The balance of the roles are essayed capably by Nomi Mitty as Jefferson’s daughter Martha, who is an uptight keeper-of-the-flame, and Richard Biggs as Jefferson’s freedom-seeking son Madison. Diann McCannon directs with compassion and all-out fire in a mutually hateful confrontation between Jefferson’s imperious daughter and his loyal Sally (who at one point calls herself a half-sister to Jefferson’s dead wife).

In “Father, I Must Have Rice,” race relations between Asians and blacks are both seriously and humorously explored during a wedding rehearsal. The bride (Deborah Swisher) is Japanese/African (as she likes to call herself) and the groom is Japanese/American.

Patti Yasutake’s direction is slipshod, but the production is salvaged by its humor and its provocative dialogue (“Blacks are the only Americans who came to this country against their will”).

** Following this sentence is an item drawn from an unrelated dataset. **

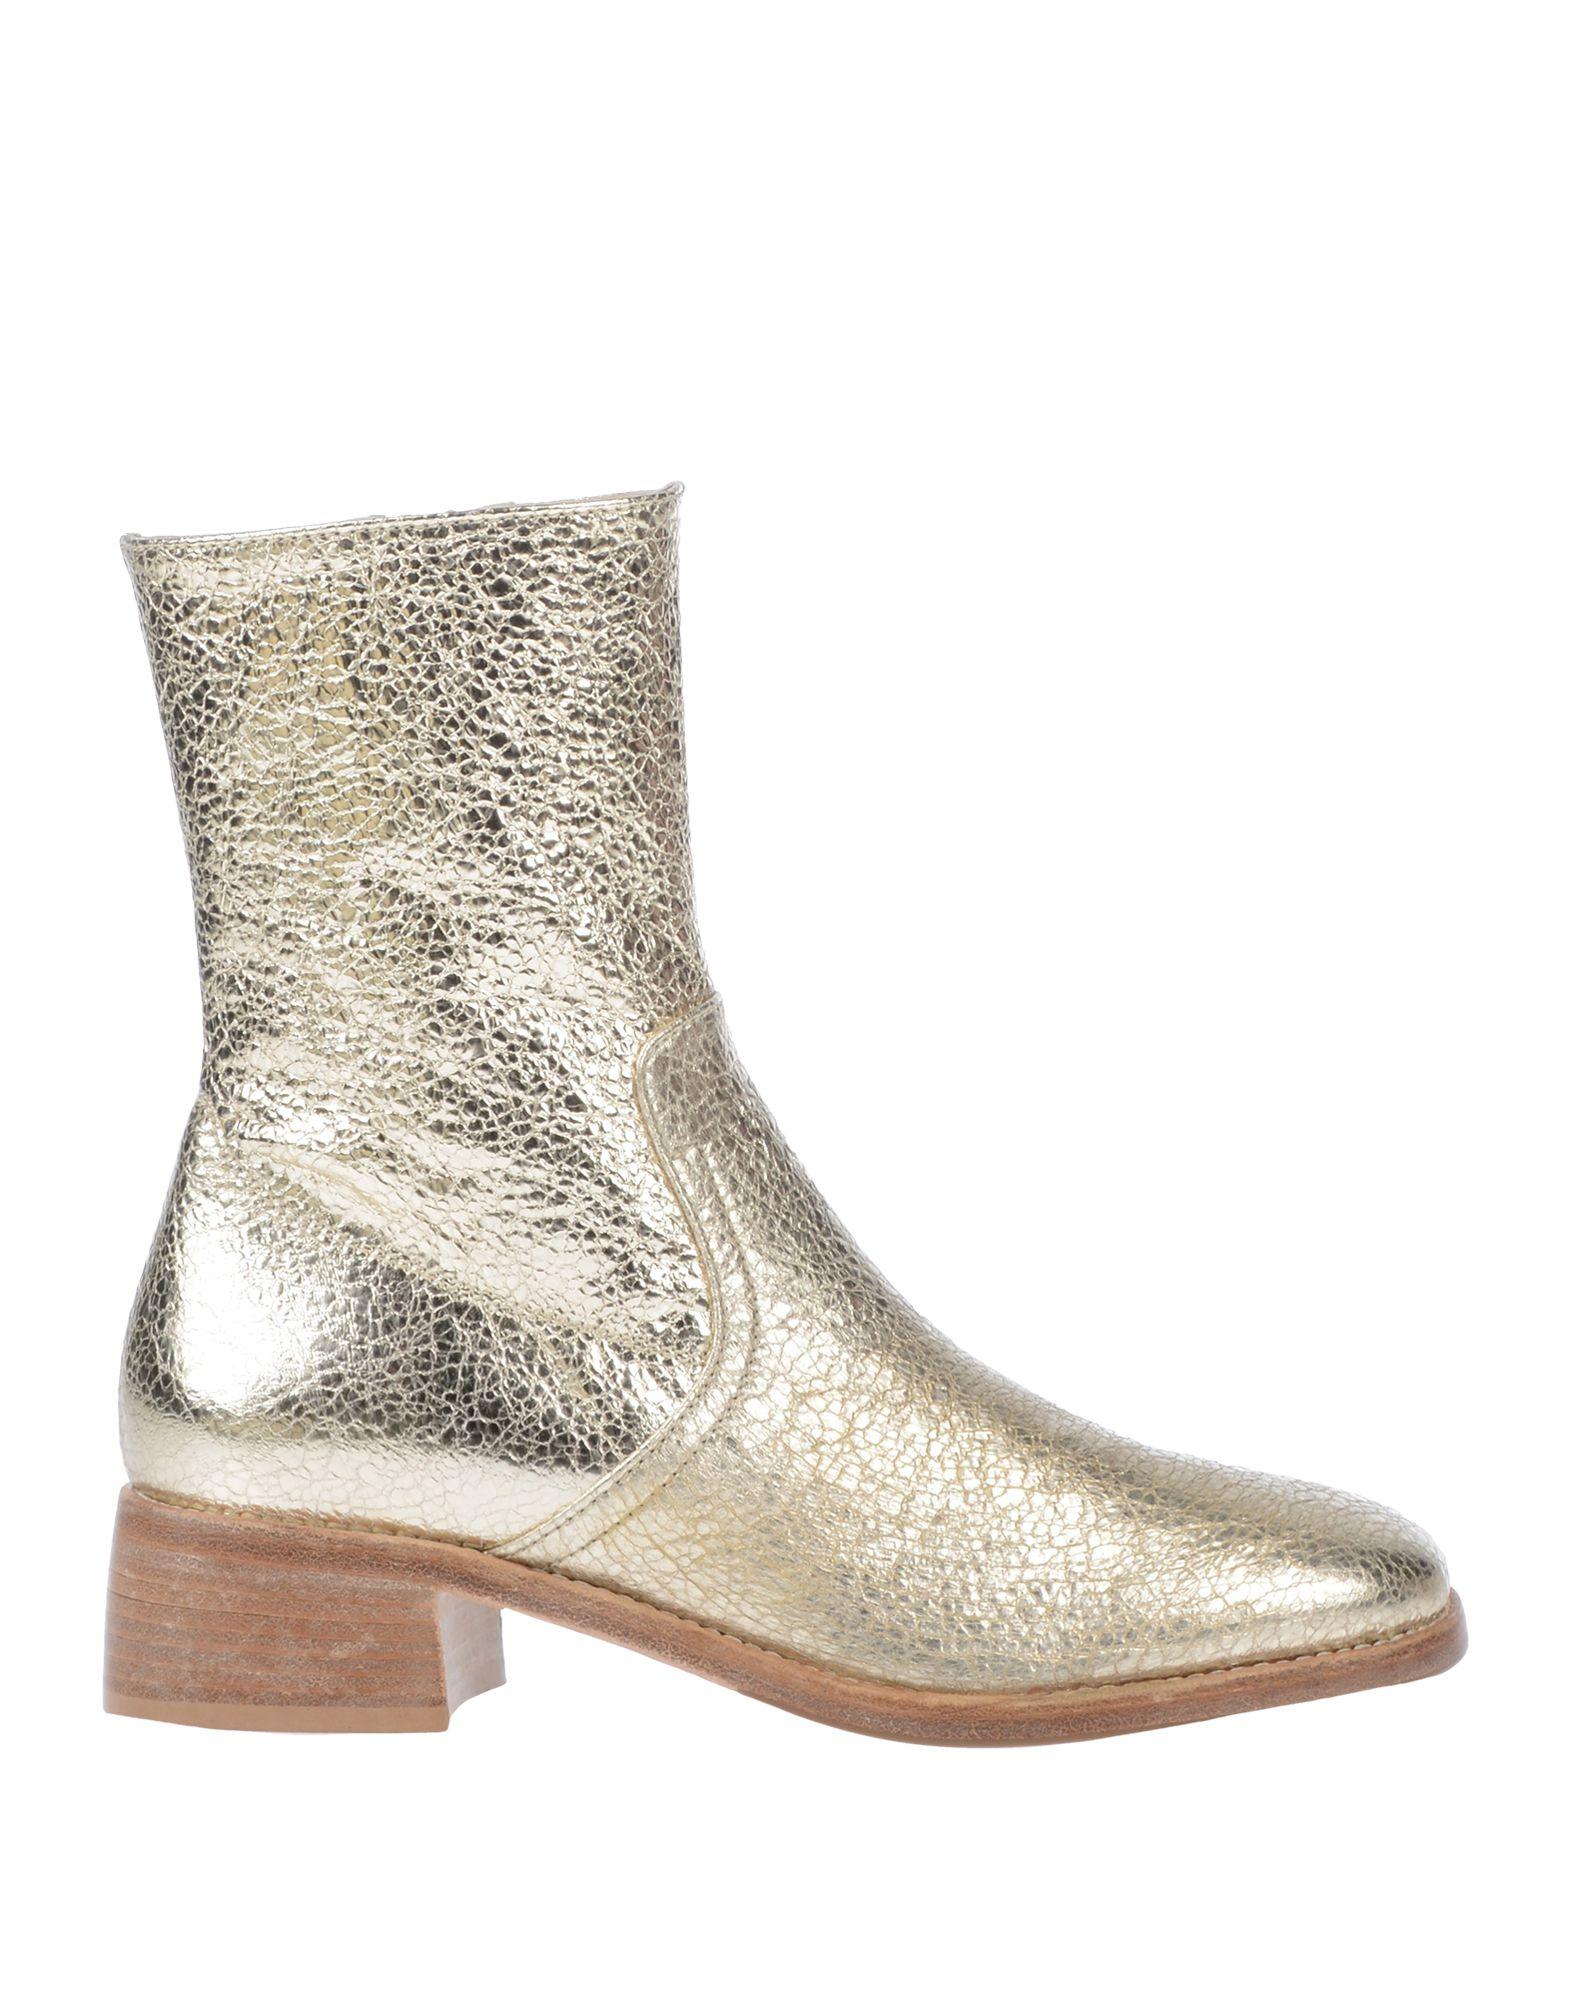 Twinset Ankle Boots in Natural | Lyst

There are two solid performances: actress Takayo Fischer’s wacky and lovable portrait of the groom’s Japanese mother and actor William Marshall’s festering, sensitive study of a black father accompanied by his Japanese wife. Deep down he wants his black/Japanese daughter to marry black, not Japanese.

This is a father who complains that at weddings “rice bags are racially insulting. You don’t see blacks throwing watermelon seeds at black weddings!”

The play cleverly enlarges upon the “Colors” of the title. A scheduled third one-act, Michael Hayne’s “All That Lasts,” dealing with native American Indians, was indefinitely postponed.